Lake Benton is proud to be known as the "Original Windpower Capital" of the American midwest. Presently the home to over 685 wind turbines -- with more currently under construction -- Lake Benton is emerging as an important source of alternative, wind-generated electricity.
A 1990 study of Minnesota's wind energy potential by the Department of Public service found that the area around Lake Benton -- the "Buffalo Ridge" -- has enough wind to produce electricity well in excess of a full year's net electrical consumption in Minnesota. The Buffalo Ridge provides more high-grade wind resources than the entire state of California.
Come see these wonders of technology. Stand near them and listen to the gentle "swoosh swoosh swoosh" of their massive blades as they truly "harvest the wind."
Commissioned in 1994, the "Buffalo Ridge Windplant" produces 25 megawatts of pollution-free electricity for sale to Xcel Energy, formerly Northern States Power Company (Xcel) under a long-term contract. The 73 turbines now in operation is Phase I of Xcel's commitment to install 425 megawatts of wind-generated power by the end of 2002. Constructed by Kenetech Corporation of California, these KVS-33 style wind towers are the first utility-scale wind energy generating power facility to be built in the United States outside of California.

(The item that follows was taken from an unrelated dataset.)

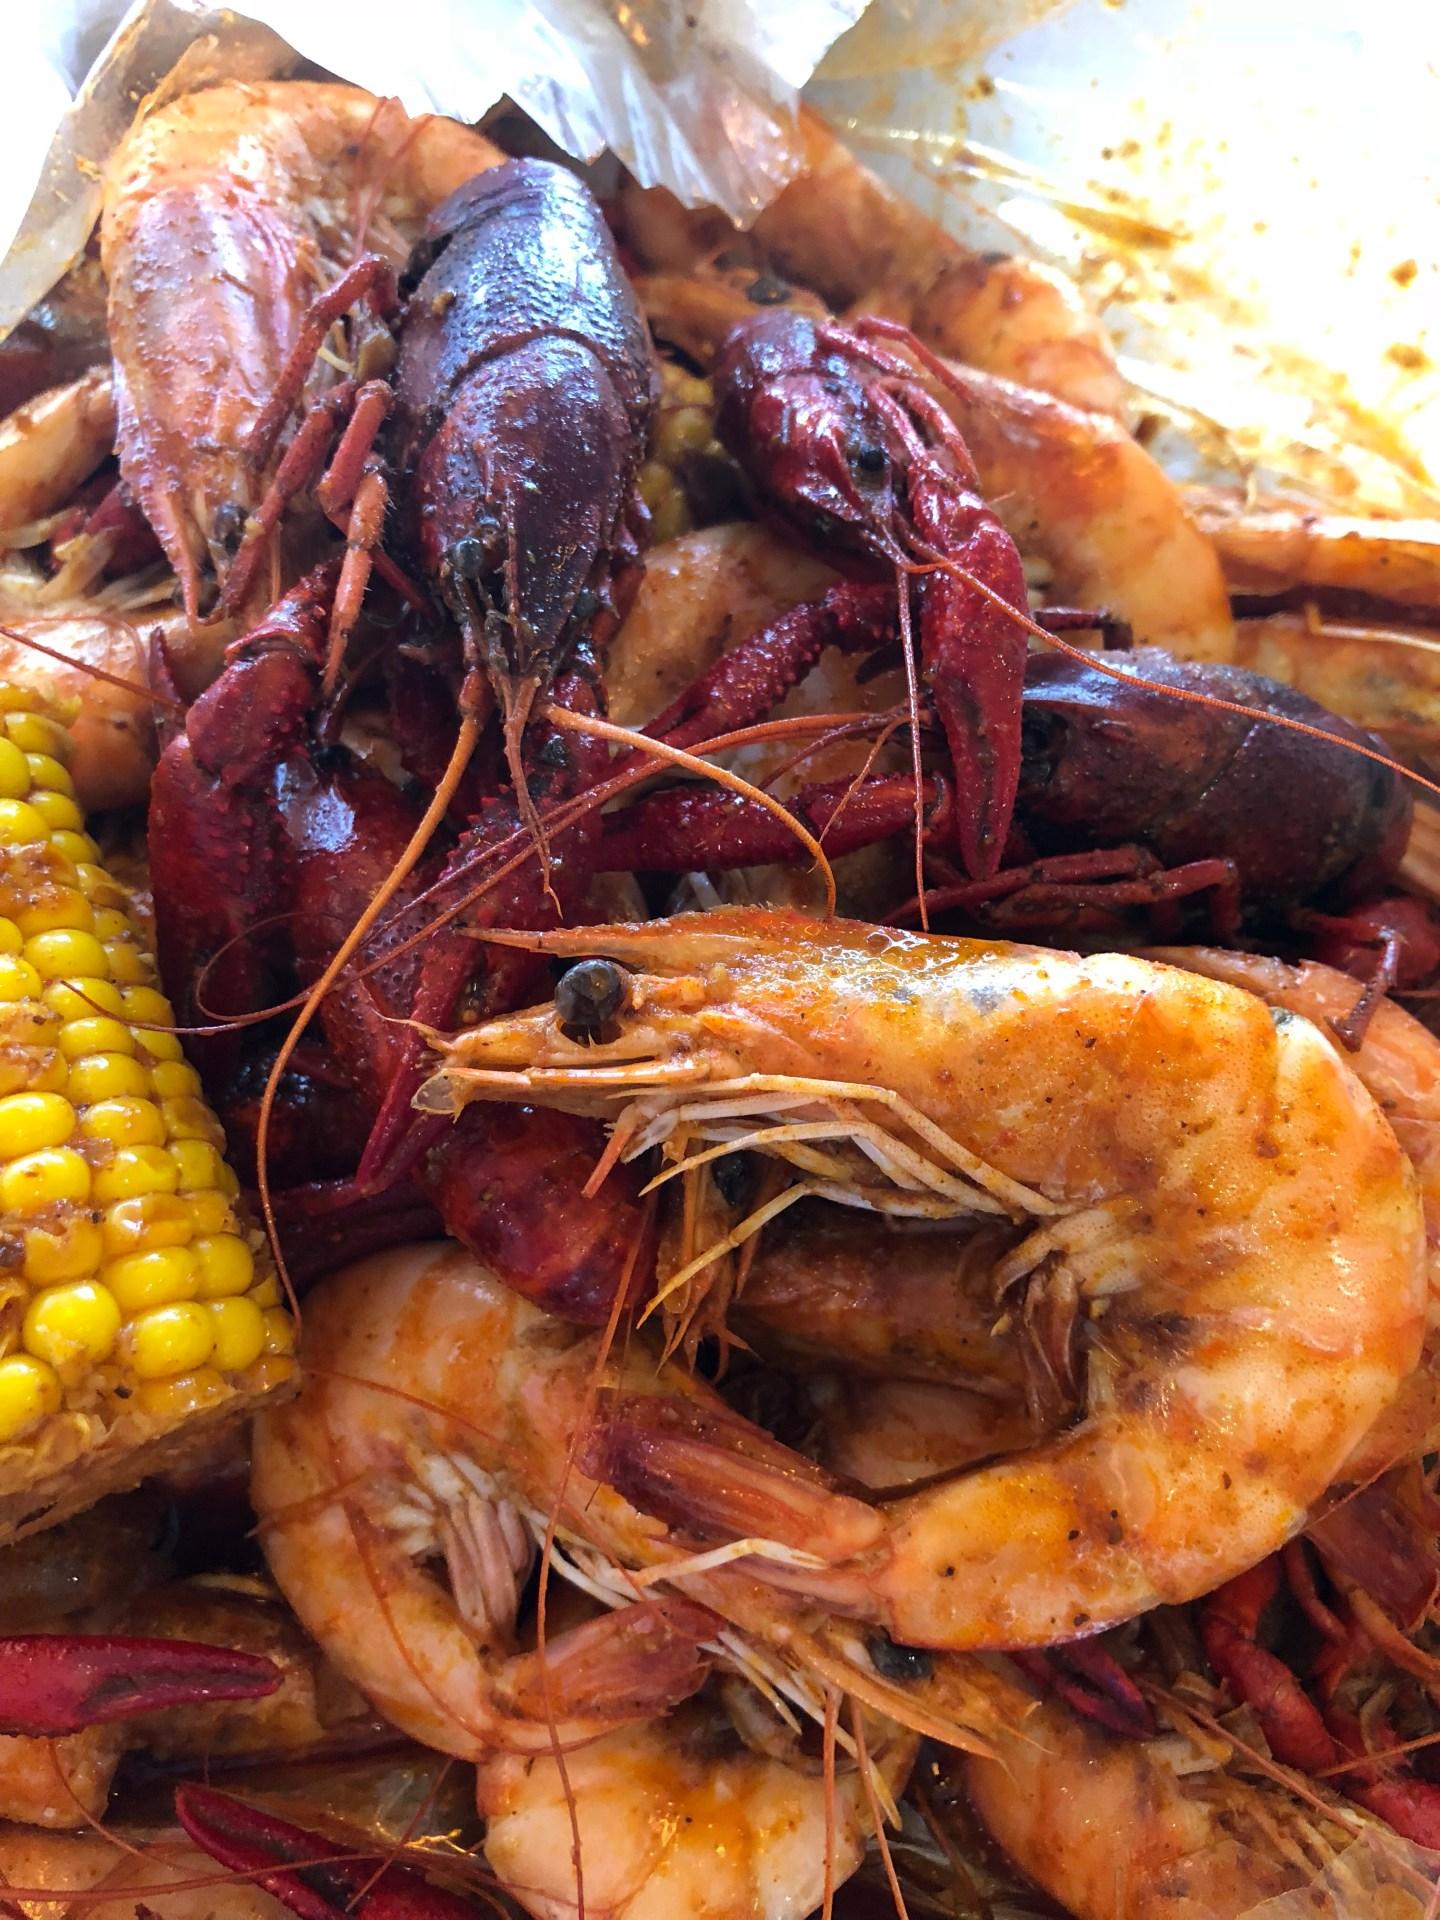 Gardena, CA: The Crab Shack

But Phase I was only the beginning! Zond Development Corp., also of California, was selected to carry out construction of another 143 wind turbines, with a planned completion in 1998. Even taller and larger than the existing towers, these Z-46 style Phase II wind generators will expand the Lake Benton area as one of the world's leading wind power site. A third NSP-sponsored phase is in the planning stage. When combined, the three phases will provide 225 megawatts of power.
The current wind towers stand 257 feet tall at their highest tip. Each turbine's fiberglass blades create a rotor diameter of 158 feet, operating in wind speeds of 9 to 65 miles per hour.
Wind power is a pollution-free, zero-emission, renewable technology. Based on information available from NSP, the projected energy from the Lake Benton wind farms can:
- Reduce system-wide carbon dioxide emission levels by 49,000 tons per year.
- Reduce system-wide sulfur dioxide emission levels by 125 tons per year.
- Reduce system-wide nitrogen oxide emission levels by 146 tons per year.
- The wind turbines installed around Lake Benton are equipped with several features which allow them to operate in a cold-weather climate.
- Approx. 2,000 acres of privately-owned land was secured by Xcel Energy formerly NSP under easement for construction of the Phase I wind towers. Corn and soy bean crops continue to be grown and harvested in the fields surrounding the turbines.